A few of our chili peppers were red so we eagerly harvested them for tonight's dinner. We ended up using only one of the three peppers in our bulghur salad because these little peppers are HOT. They don't feel so hot when first bitten but wowie zowie, that heat lasts. I think our plan of drying them and crushing them up to use as a spice is the best choice.
I don't know what we're going to do with the habenero peppers when they ripen. Some might ask what we were thinking, growing such hot peppers. My answer to that is that it seemed like a good idea at the time. And that i didn't really think about the fact that they were so hot or that there would be more than one of them.
The cucumber plants were taking over the garden so I bought some garden netting stuff and some bamboo poles to use as a trellis for them. We gently pulled the cucumber plant up and twist-tied it to the netting stuff. It seems to be happy there and is attaching its tendrils to the netting.
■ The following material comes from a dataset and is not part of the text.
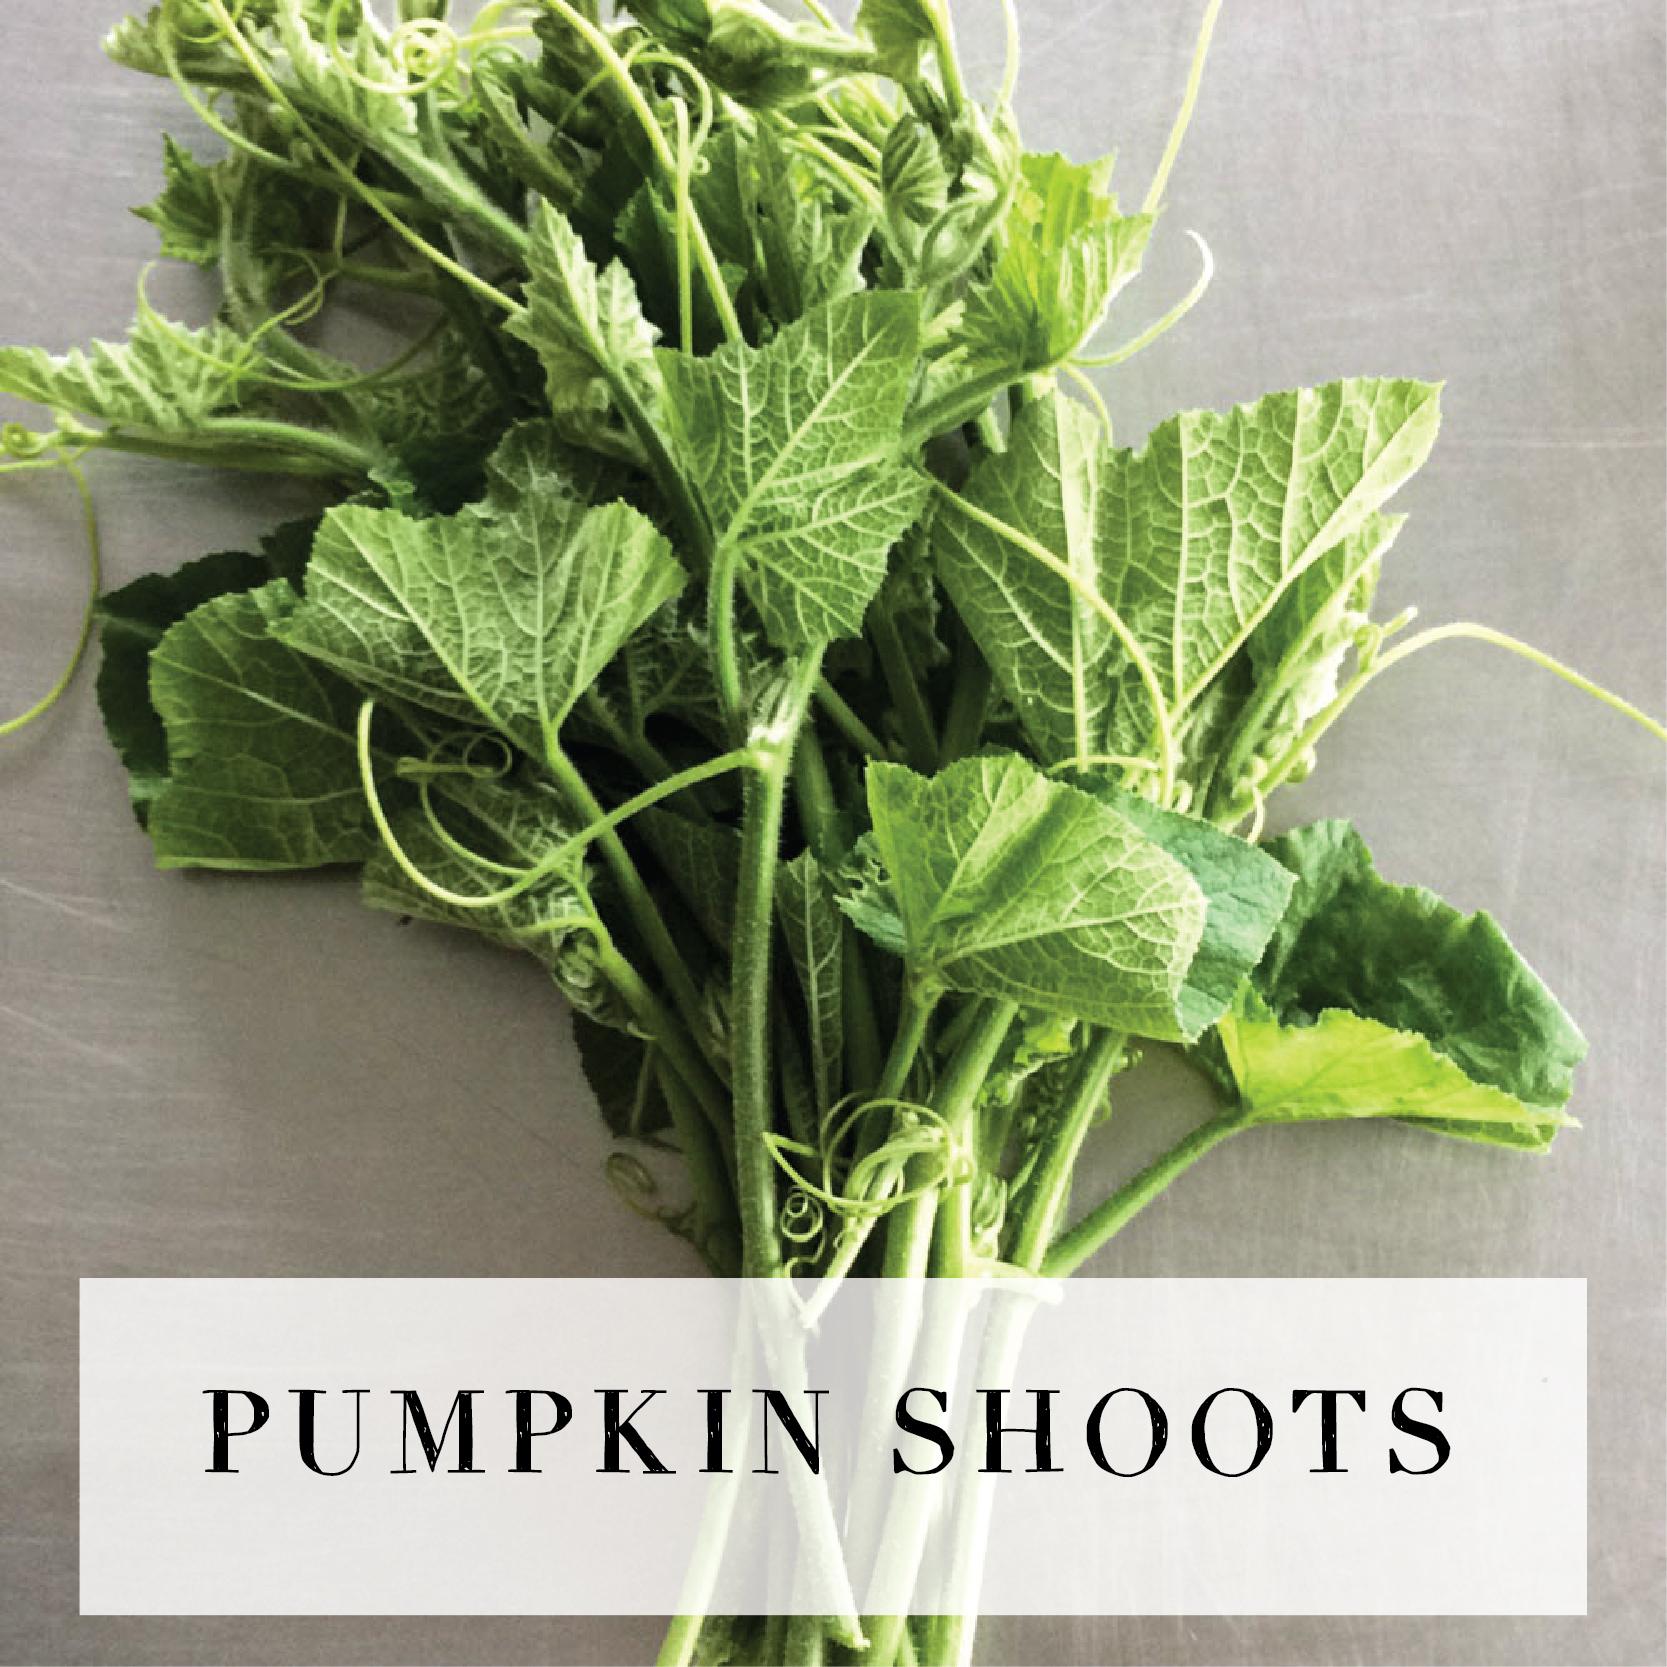 pumpkinshoots.jpg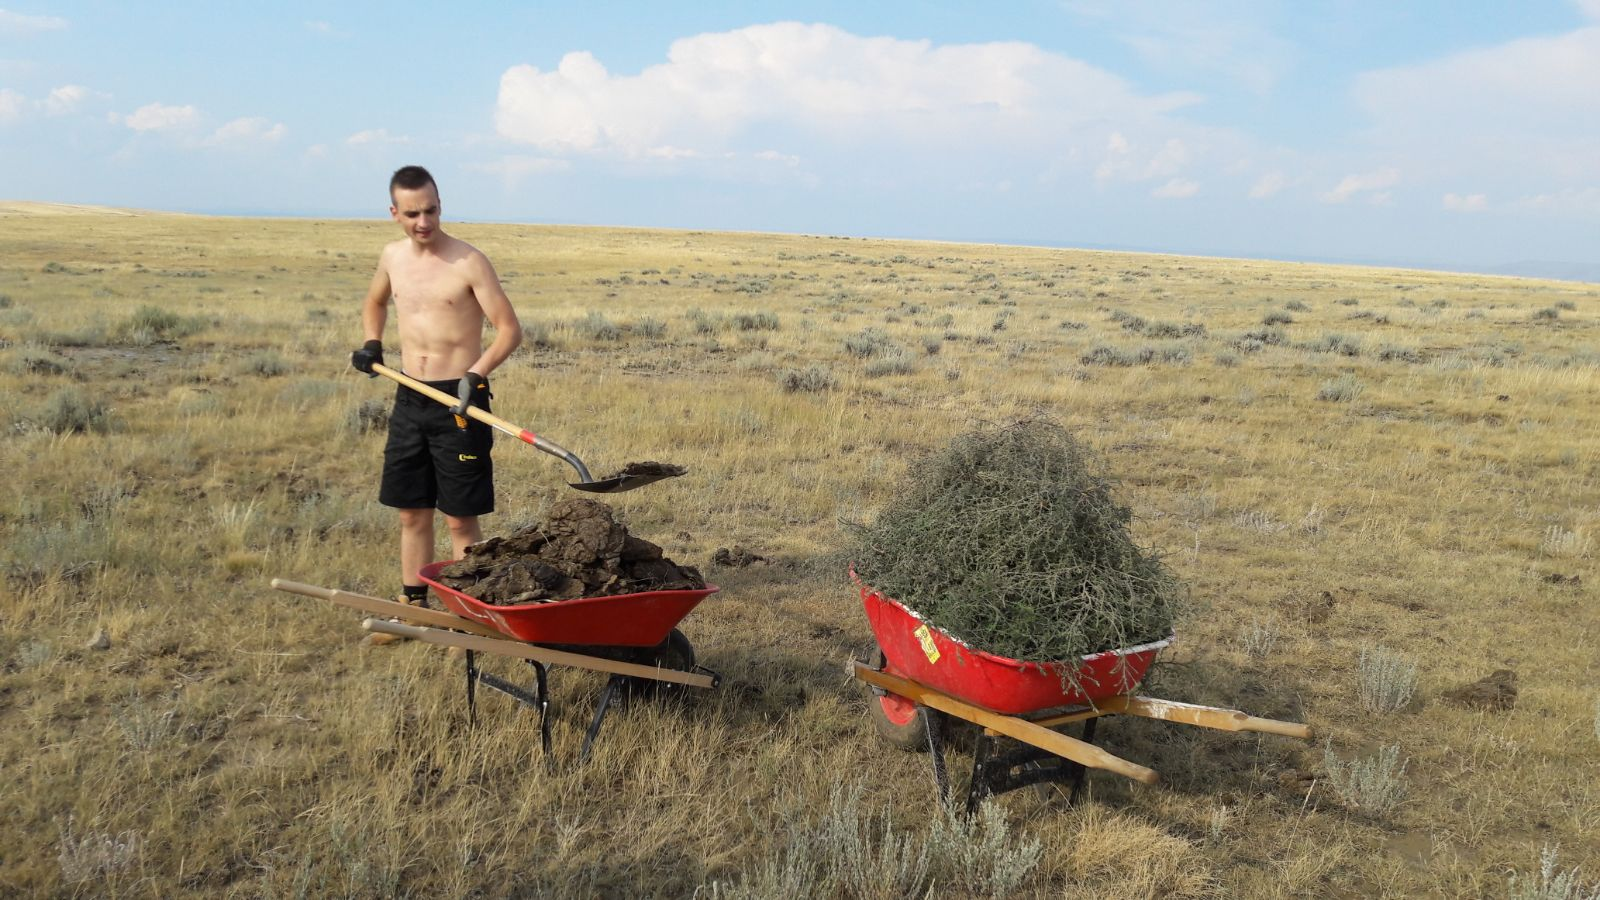 koeienvlaaien opruimen om plek te maken voor de tenten

I'm sure we'll get better cucumbers, too - or at least straight ones. There's nothing wrong with curved cucumbers, of course, but they're hard to wrap.
While the vegetables are growing, the fruit trees don't seem to be doing quite so well. At least now we know what kinds of fruit trees we have: granny smith apples, bosc pears, and bartlett pears. The granny smiths have been dropping and almost all of them have black spots on them. The bartletts are fine but the boscs are also dropping. I'd love it if we could have as much of a fruit harvest as we will a vegetable harvest. After all, what's the point in having fruit trees that don't produce good fruit?